* _Problem to work on_
In your copy of the data, include no pictures and alter nothing else.

* _Given data_
....
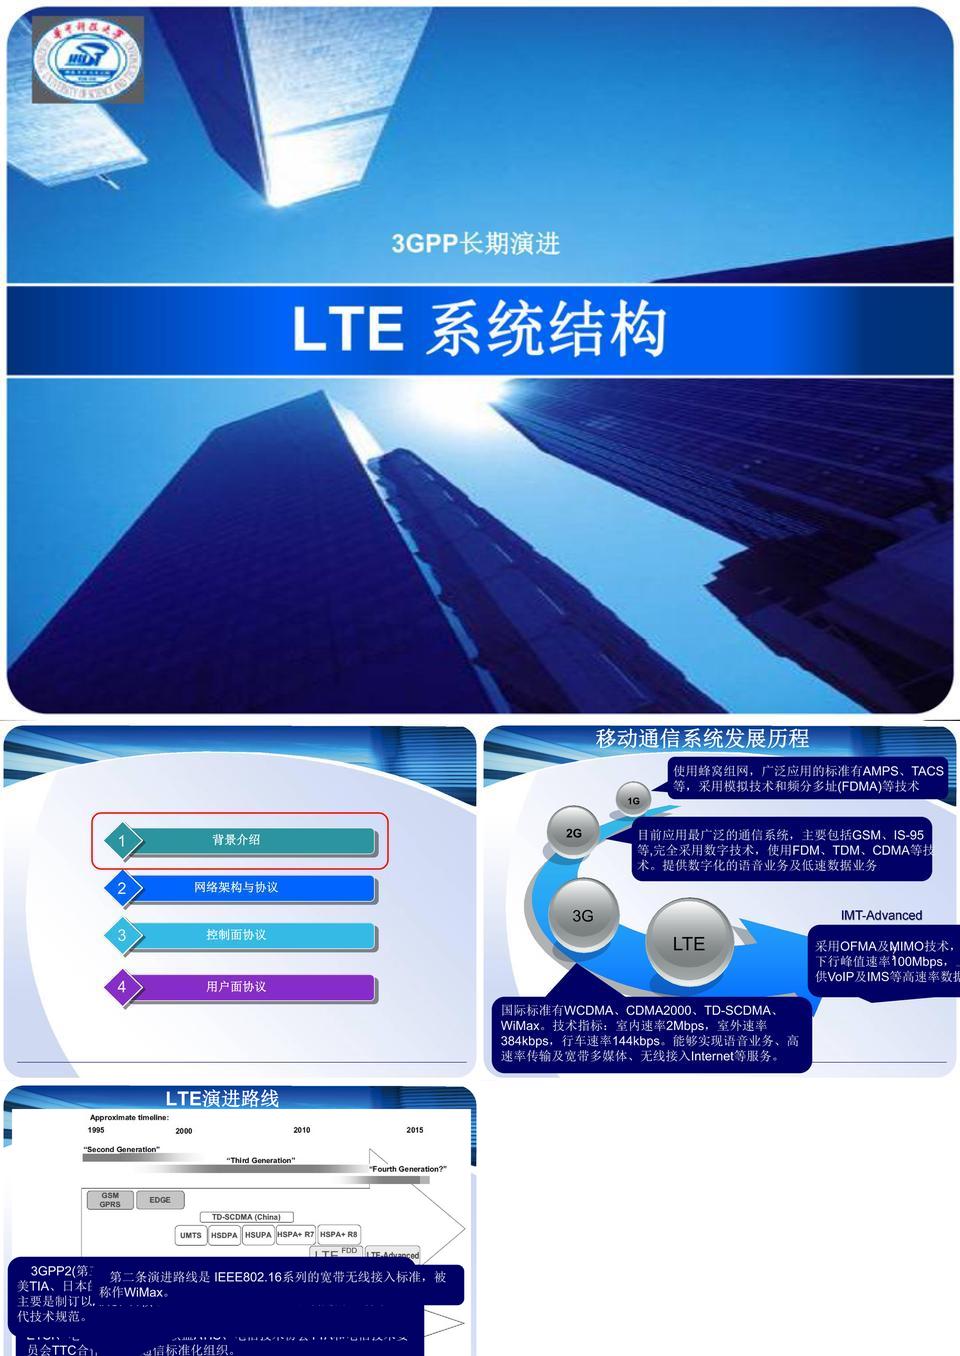 LTE 系统结构
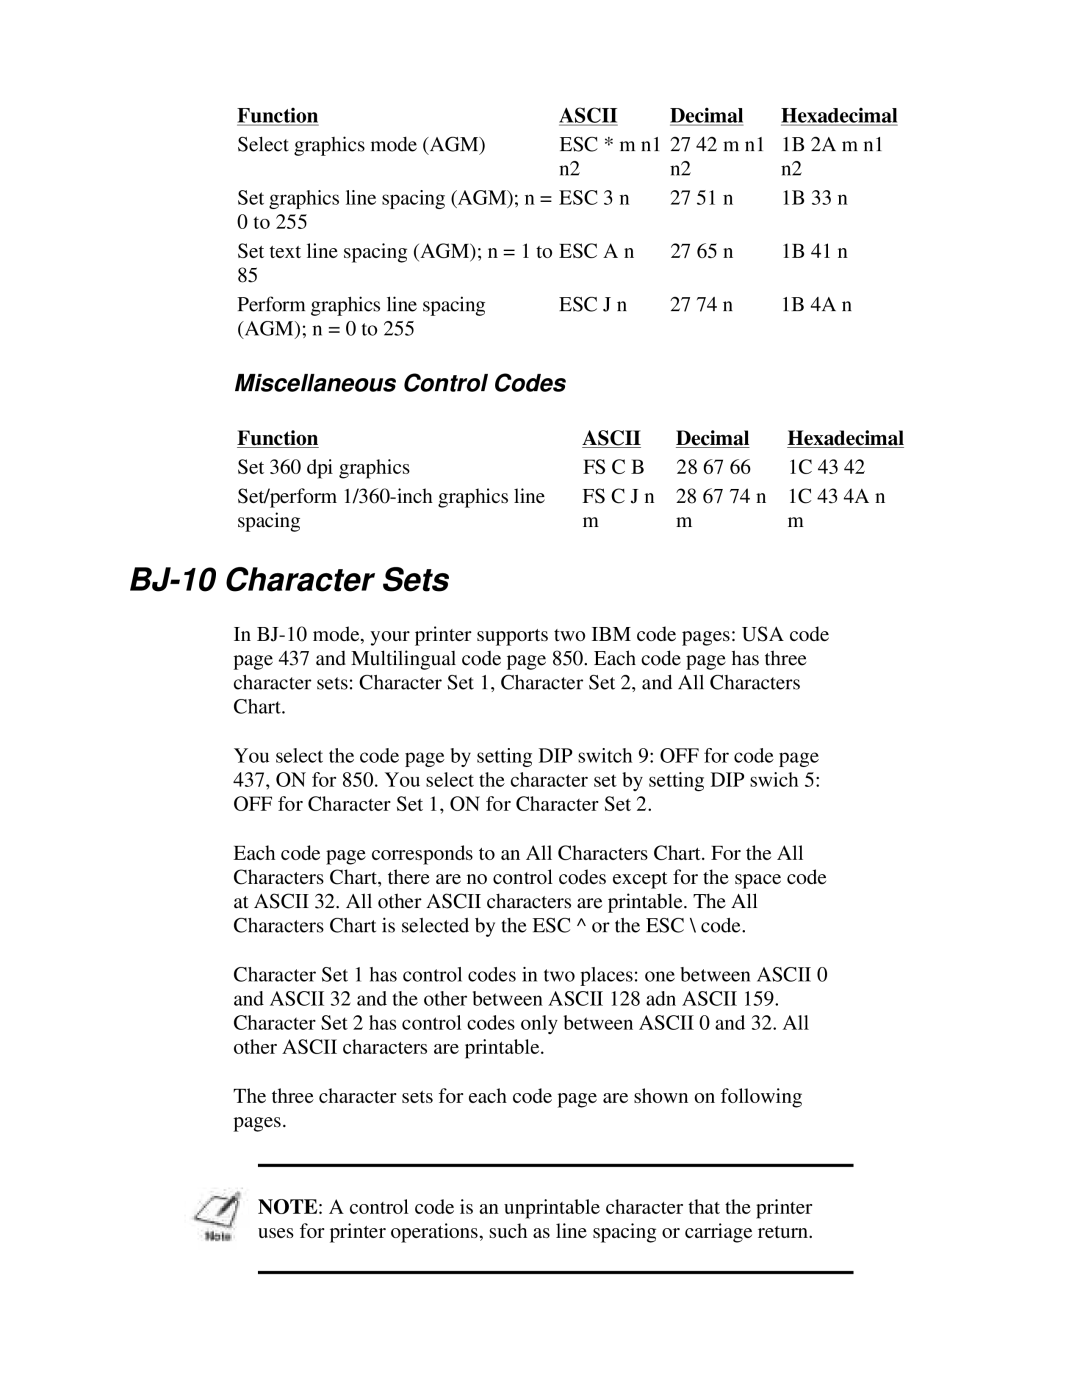 Canon BJ-230 user manual BJ-10 Character Sets, Miscellaneous Control Codes, Function, Ascii, Decimal, Hexadecimal 
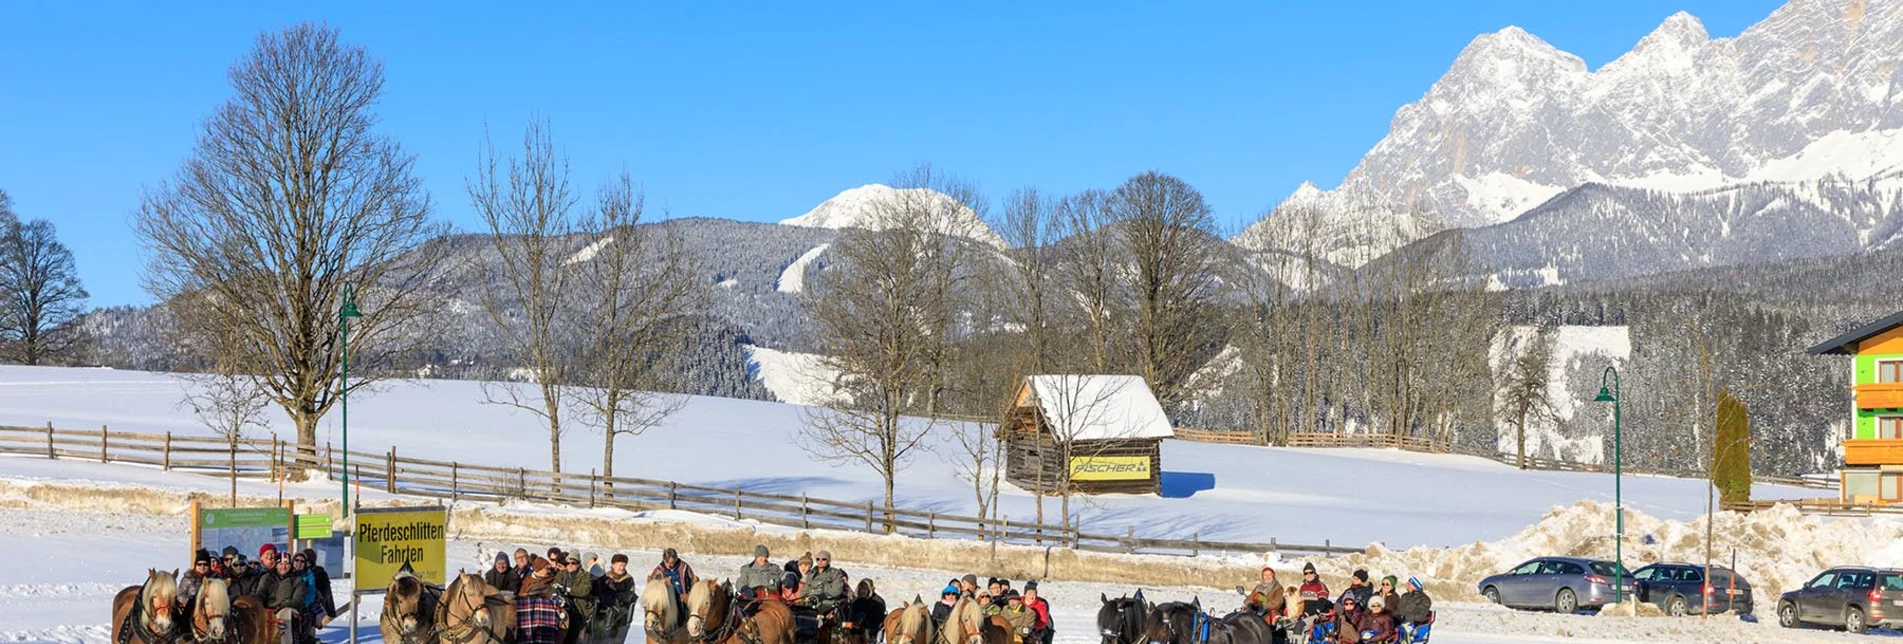 Horse Carriage Ride Sleigh ride to Untertal valley - Touren-Impression #1 | © Tourismusverband Schladming - Martin Huber
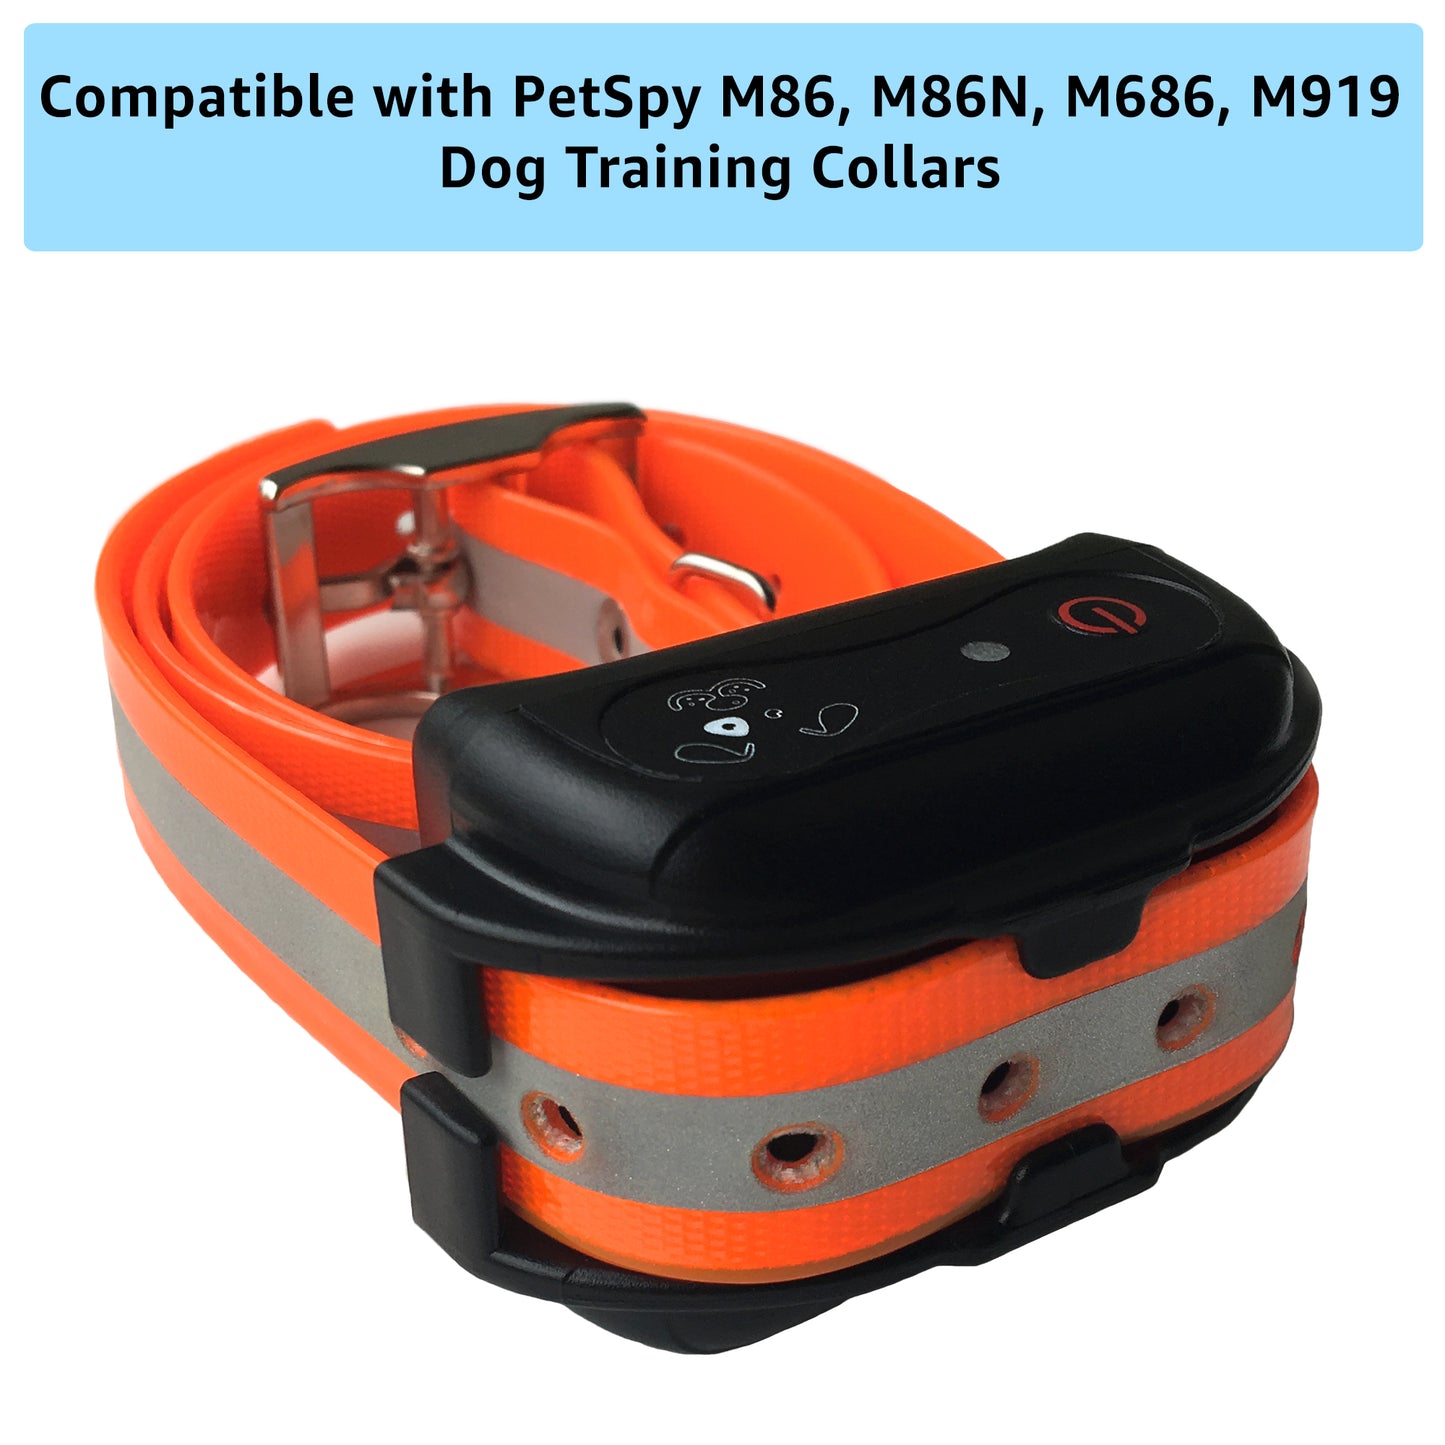 Reflective Dog Training Collar compatible with PetSpy M86 M86N M686 M919 dog training collars
....
* _Task result_
 LTE 系统结构
 Canon BJ-230 user manual BJ-10 Character Sets, Miscellaneous Control Codes, Function, Ascii, Decimal, Hexadecimal 
 Horse Carriage Ride Sleigh ride to Untertal valley - Touren-Impression #1 | © Tourismusverband Schladming - Martin Huber
 Reflective Dog Training Collar compatible with PetSpy M86 M86N M686 M919 dog training collars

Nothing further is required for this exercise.